1548: Writer, humanist, and historian Pedro Mexía appointed consulting crime-fighter to the court of Emperor Charles V. Mexia will discover and expose math crime conspiracy among the Emperor's ministers.
1707: Mathematician and physicist Leonhard Euler born. He will make important and influential discoveries in many branches of mathematics, and will introduce much of the modern mathematical terminology and notation, such as the notion of a mathematical function.
1764: Astronomer and mathematician Peder Horrebow dies. he invent a way to determine a place's latitude from the stars.
1854: Scientist and inventor Johann Philipp Reis uses scrying engine technology to fight crimes against mathematical constants.
1878: Physicist Ernst Ruhmer born. He will invent applications for the light-sensitivity properties of selenium, including wireless telephony using line-of-sight optical transmissions, sound-on-film audio recording, and television transmissions over wires.
1911: Physicist Johannes Bosscha Jr. dies.
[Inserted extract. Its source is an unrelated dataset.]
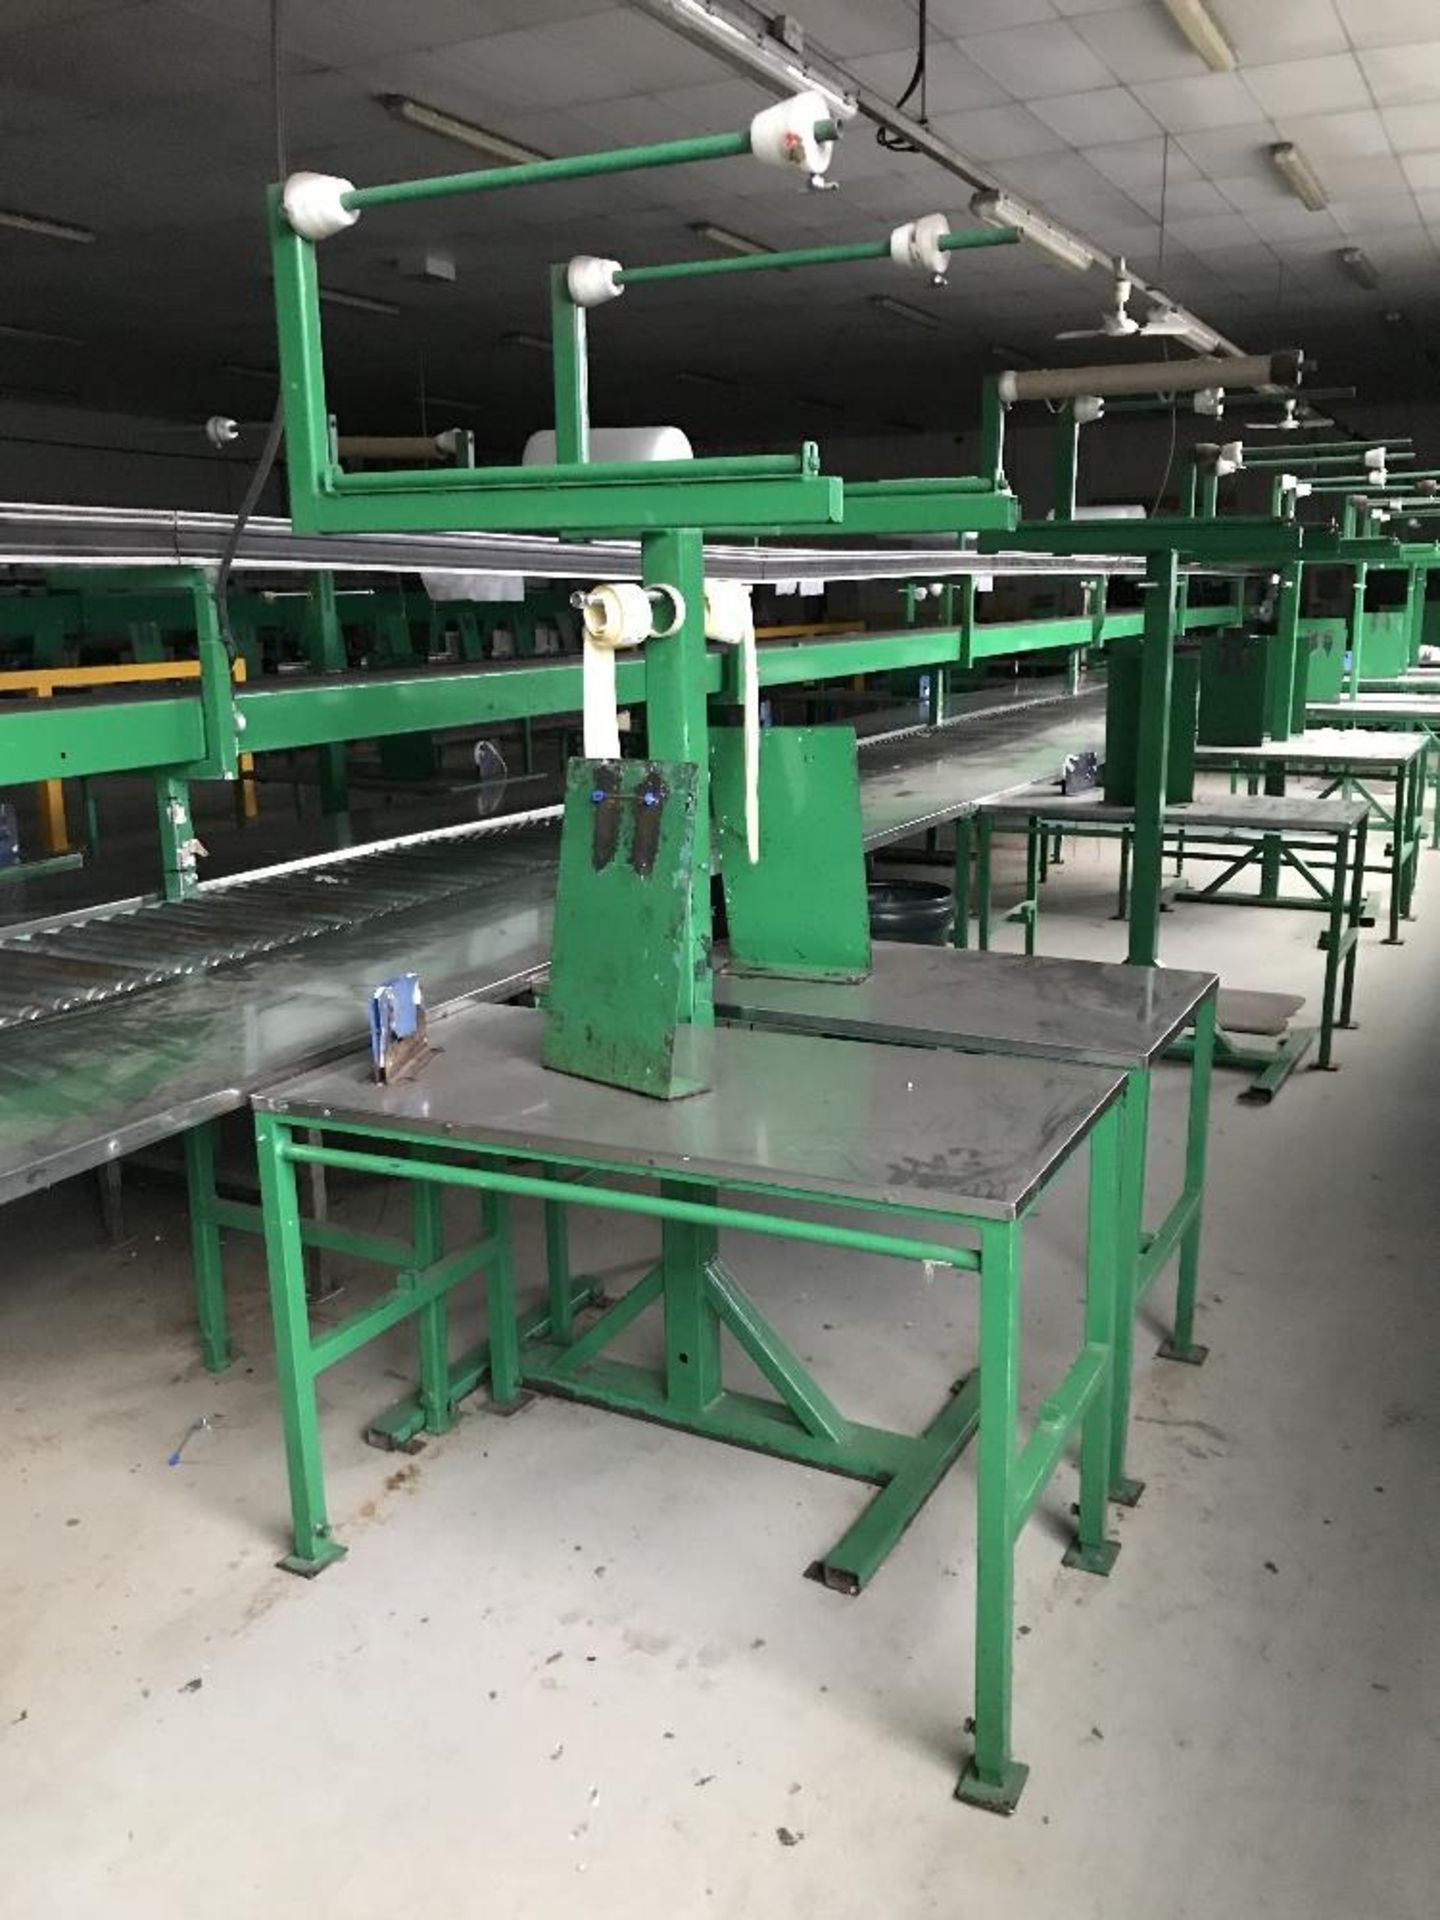 Manual Packing Line - Image 12 of 17

He made important investigations on galvanic polarization and the rapidity of sound waves; he was one of the first (1855) to suggest the possibility of sending two messages simultaneously over the same wire.
1926: Aviator Charles Lindbergh opens service on the newly designated 278-mile (447 km) Contract Air Mail Route #2 (CAM-2) to provide service between St. Louis and Chicago (Maywood Field) with two intermediate stops in Springfield and Peoria, Illinois.
1936: Albert Einstein and Alice Beta Conducting Research wins Pulitzer award for "most prescient illustration of the decade".
2017: Math photographer Cantor Parabola attends Minicon 52, taking a series of photographs with temporal superimpositions from Minicons 51 and 53.